La création de la forêt landaise

Dernière mise à jour : 1er février 2023

La forêt de pin maritime est devenue aujourd’hui un archétype paysager landais, mais c’est un paysage mis en place à partir de la moitié du XIXe siècle. Lesgor

Aujourd’hui une des premières forêts d’Europe par sa superficie, la forêt landaise a presque entièrement été créée par l’homme sur d’anciennes landes pastorales.

  La fixation des dunes littorales

Pendant longtemps, les dunes mobiles ont constitué une menace pour les habitants de la côte aquitaine. L’avancée des sables gagnait de plus en plus loin à l’intérieur des terres, recouvrant des villages et des cultures. Les premiers travaux significatifs ont été entrepris par des seigneurs du Pays de Buch, qui entreprirent dès 1713 de fixer les sables mobiles en semant des pins à La Teste de Buch (Gironde).
Après avoir pris connaissances des précédentes réalisations, Brémontier, ingénieur des Ponts et Chaussées à Bordeaux de 1766 à 1802, reprit à partir de 1790, la technique de fixation du sable vif par des semis de pins dans des fascines d’oyat ou sous des couvertures de branchages, et obtint en 1801 un décret du gouvernement consulaire ordonnant le boisement de tout ce rivage.
En quelques décennies, sous l’impulsion de l’Etat, le littoral landais fut transformé, une forêt s’étendit sur une bande de 225 km de long et jusqu’à 7 km de large. Le rivage fut également modifié avec la formation d’un cordon littoral continu, fixé artificiellement en retenant le sable par des palissades, afin de protéger la forêt littorale.
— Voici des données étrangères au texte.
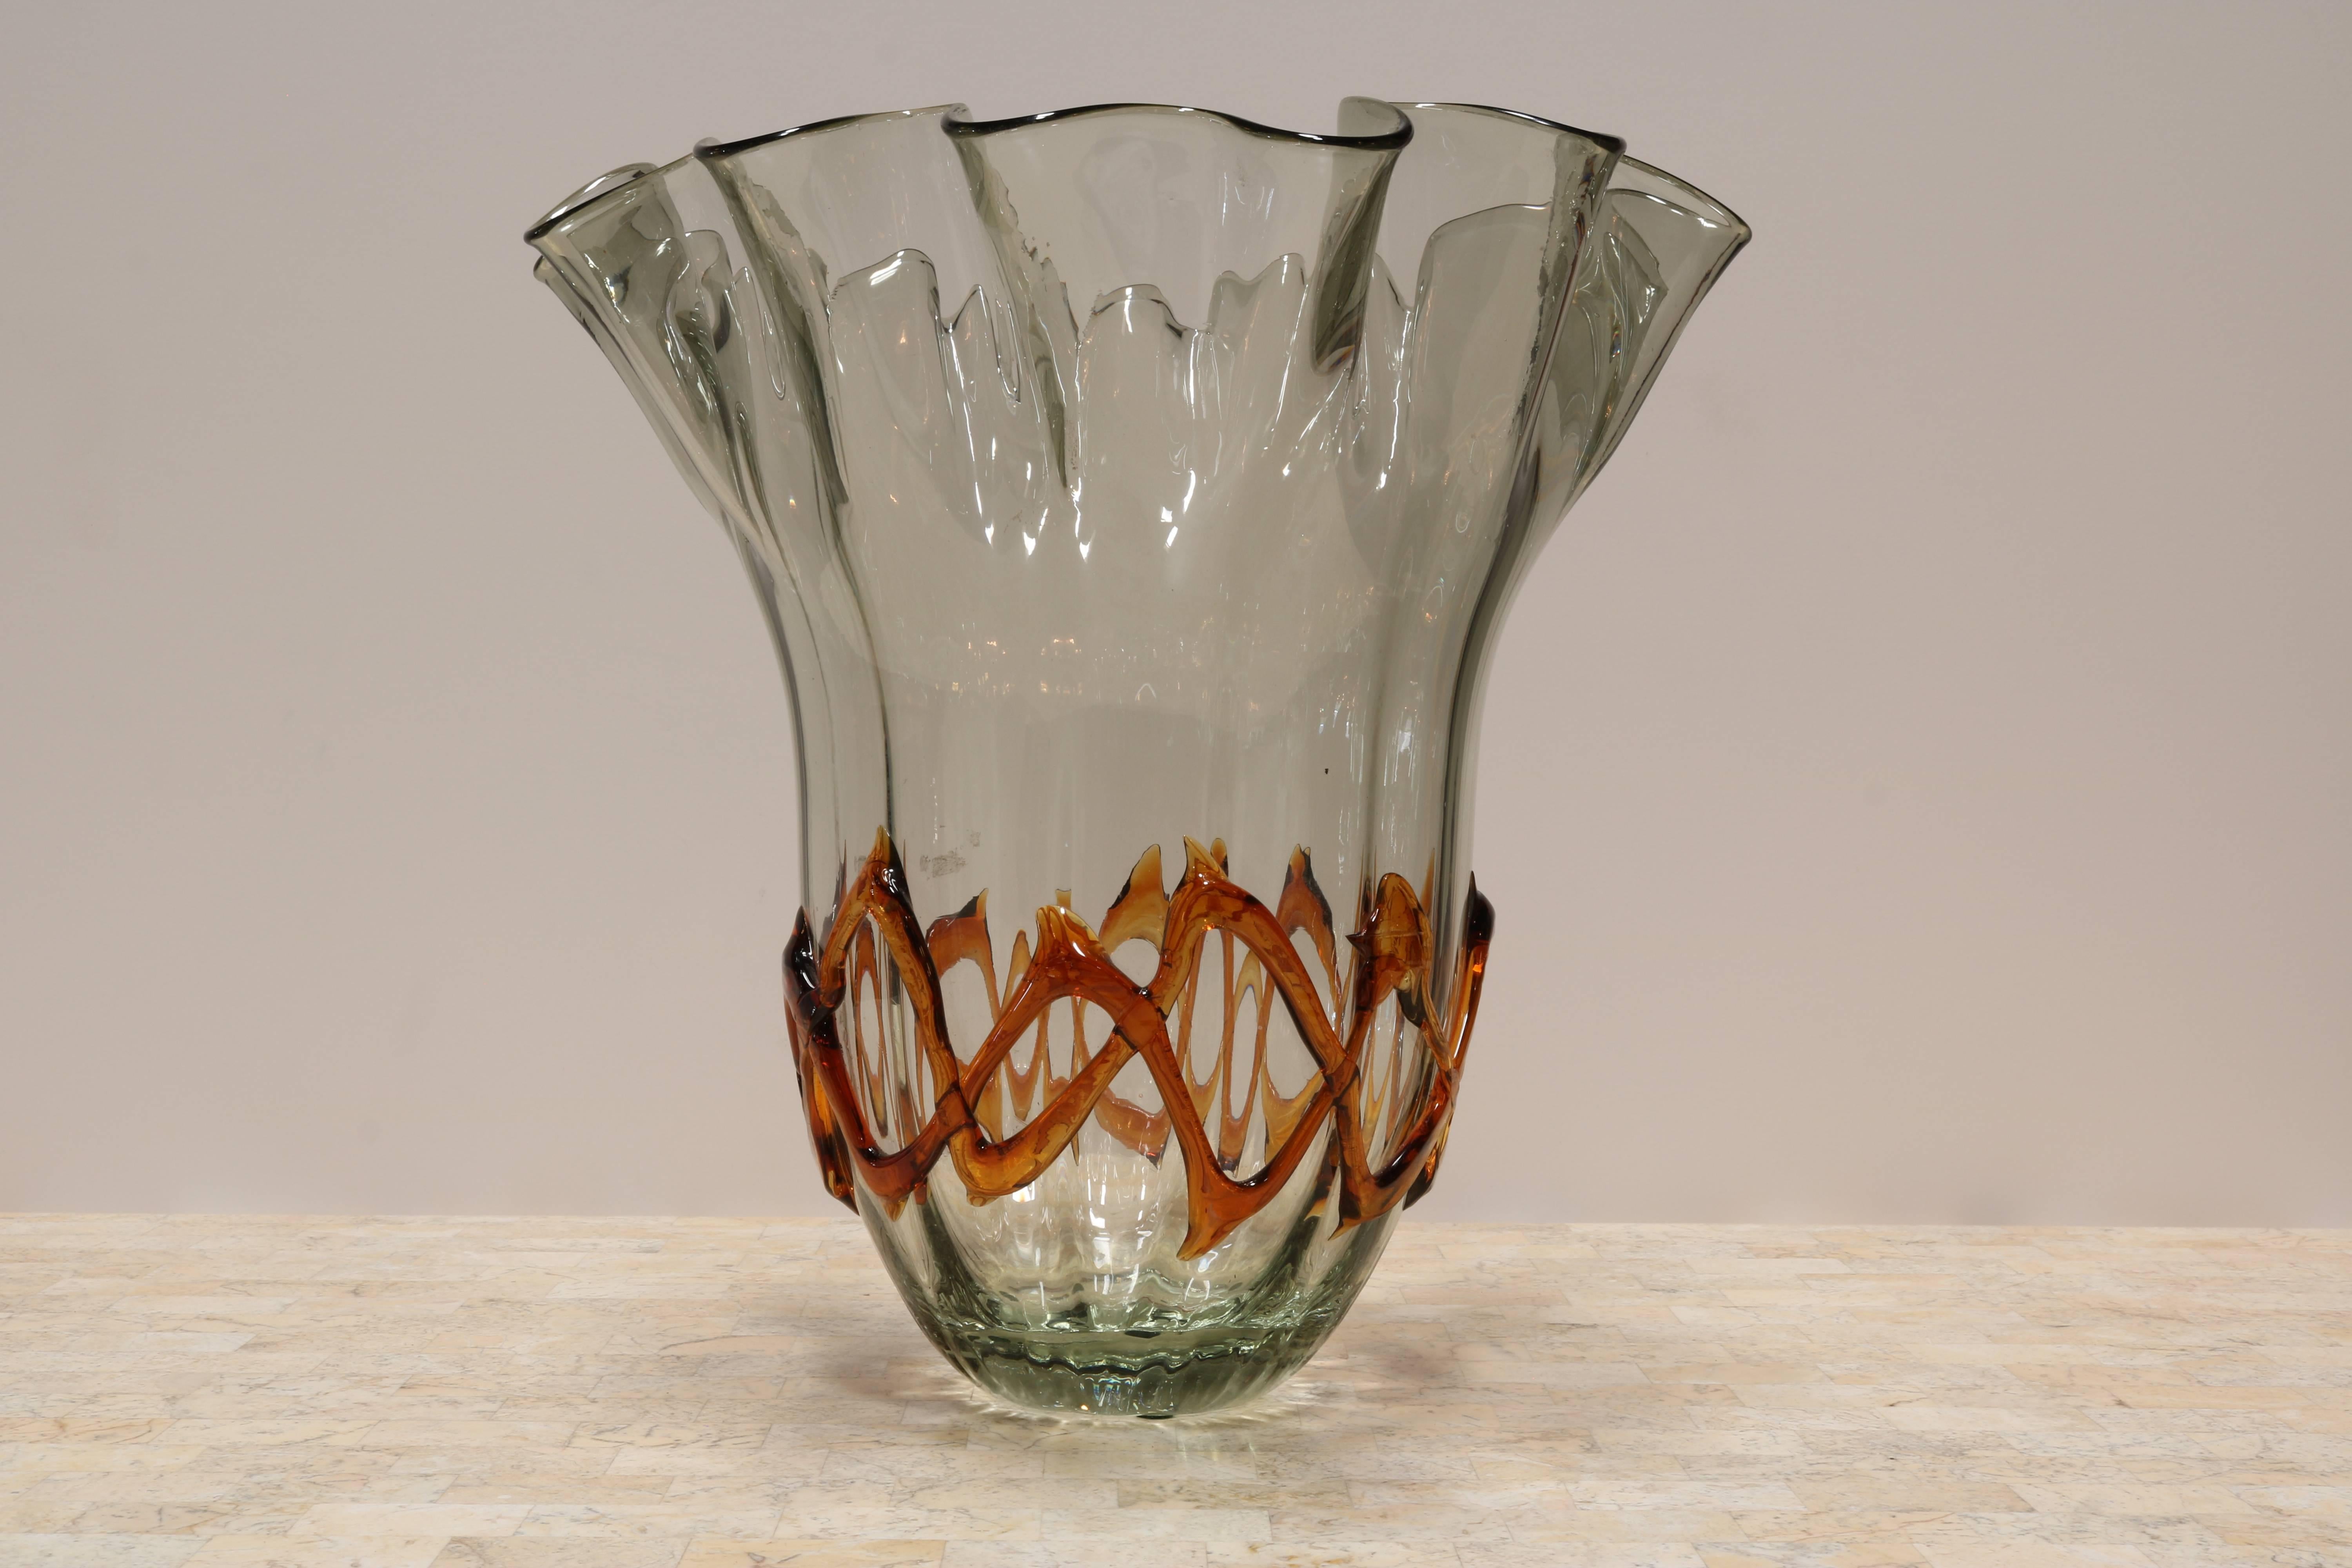 Fluted glass vase has a handkerchief edge and ribbons of amber colored glass around the bottom.
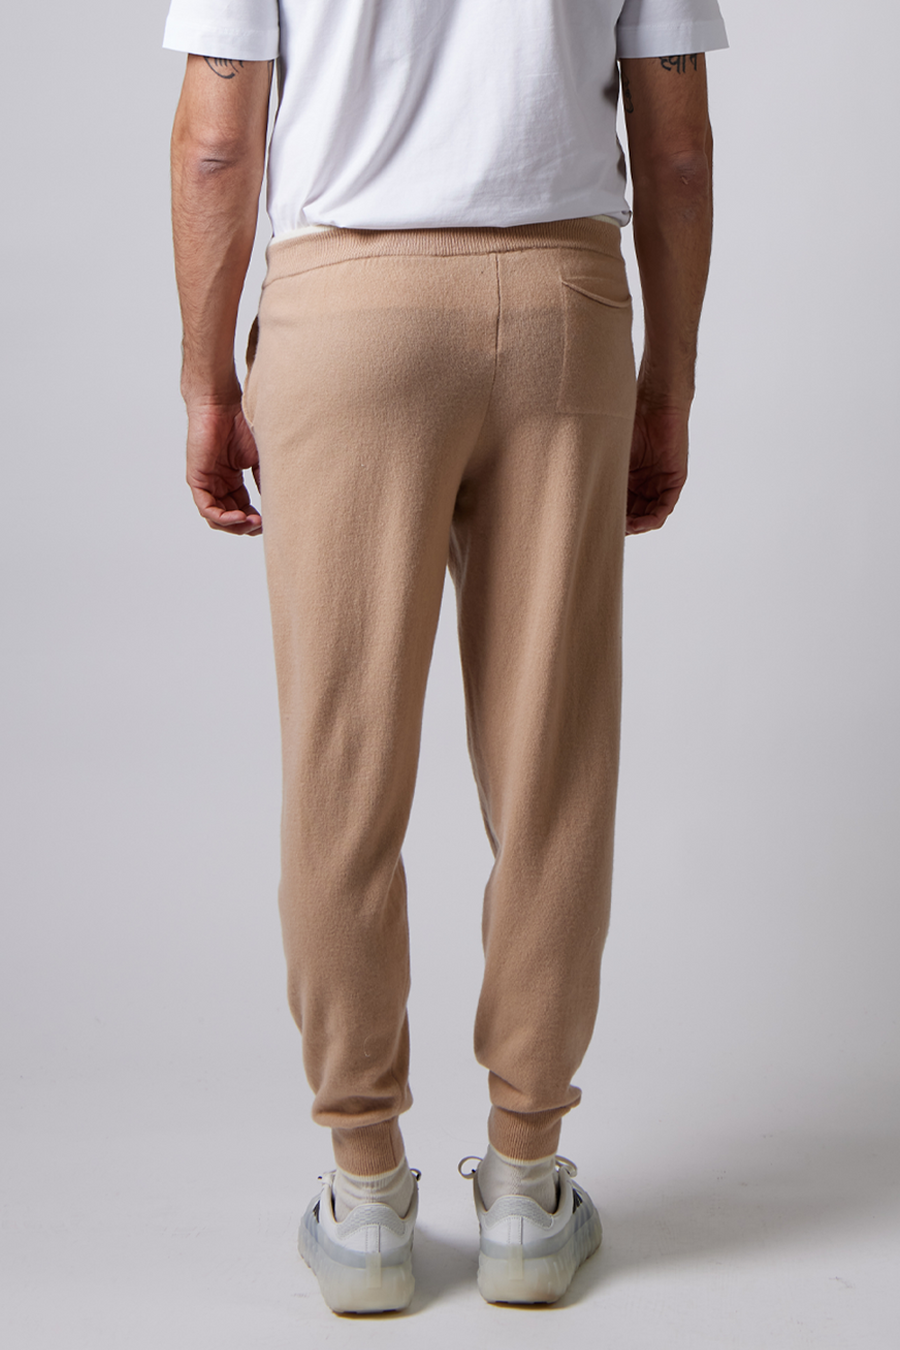 Buy the Daniele Fiesoli Wool Sweatpants Beige at Intro. Spend £50 for free UK delivery. Official stockists. We ship worldwide.

Le cordon littoral fixé artificiellement en retenant le sable par des palissades, protège la forêt littorale qui s’étend sur une bande de 225 km de long et jusqu’à 7 km de large. Mimizan

  La Lande intérieure humide

Mais l’intérieur des Landes, grande plaine de sables provenant de la plate-forme littorale qui, poussés par les grands vents d’Ouest, ont fossilisé et obturé un réseau hydrographique déjà indigent, restait le domaine à peu près exclusif de sols maigres alternant sècheresse et humidité au-dessus d’un horizon imperméable de grès ferrugineux, l’alios, produit de la podzolisation des sables.
Cette vaste région était jusqu’au milieu du XIXe siècle un pays considéré comme désolé. « En hiver, les eaux s’étalaient en marécages ; en été, la lande devenait un désert sec où régnait la fièvre ».
Au XVIIIe et dans la première moitié du XIXe siècle, les rares terres de culture se localisaient autour des villages bâtis sur les versants des vallées, seuls à être à peu près convenablement drainés, avec des noyaux de culture permanente associant du seigle d’hiver, cultivé sur billons à l’abri de l’eau, et du millet d’été entre les billons. La lande, recouverte par les eaux et à peu près inaccessible en hiver, était parcourue en été. Après l’incendie de la végétation naturelle, fournissant des composts organiques pour l’engraissement des terres cultivées, et à la faveur de la baisse du niveau des eaux, des troupeaux de moutons étaient conduits sur la Lande par des bergers spécialisés montés sur de grandes échasses.
Des essais de cultures et d’élevages coloniaux, furent entrepris à la demande de Napoléon 1er : on tenta ainsi vainement les cultures de l’arachide et du cotonnier, et l’introduction des buffles en 1806 ou de camélidés.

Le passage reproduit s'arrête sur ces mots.